Чистокровный нигилист А. Михайлов (Шеллер) ругает в «Живоп<сном>обозрении» Н. Н. Ге* и напечатал картину, как «от<ец> Иоанн» исцеляет больную… А заметьте, что этот их «отец Иоанн» называется «Иван Ильич»*.
Усердно прошу сказать мой поклон графине Софье Андреевне, Татьяне Львовне и Марье Львовне. Я часто вспоминаю, как мне у Вас было хорошо.
Повесть моя еще у меня*, и я не спешу, — боюсь. Не переменить ли заглавия? Не назвать ли ее: «Увертюра»? К чему?

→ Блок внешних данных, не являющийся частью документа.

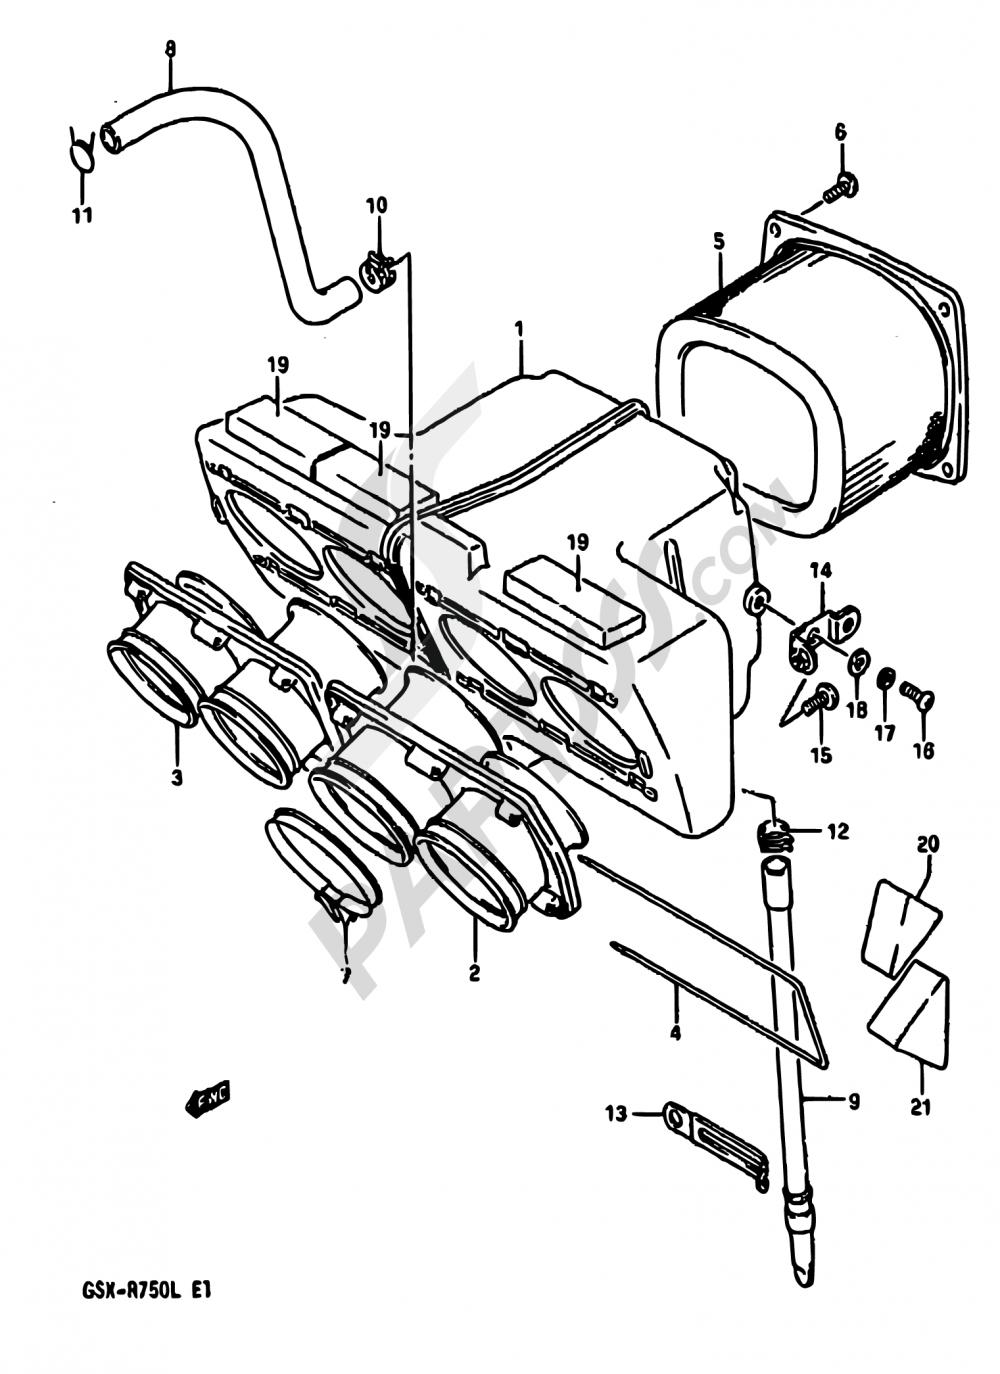 14 - AIR CLEANER (MODEL J/K) Suzuki GSX-R750 1988

К опере «Пуганая ворона», что ли?
6 января 1891 г., Петербург.
Цензура не пропускает рассказа «Дурачок»*, которого корректуру я послал Вам вчера. Пожалуйста, не посылайте этого оттиска Черткову, а оставьте его у себя.
Хотел бы знать о нем Ваше мнение.
Н. Лесков.
Цензор (Пеликан*) сказал Тюфяевой*, изд<ательнице> «Игрушечки», будто им не велено пропускать ничего, что пишете Вы и я, и обо всем «докладывать». Врет небось.
8 января 1891 г., Петербург.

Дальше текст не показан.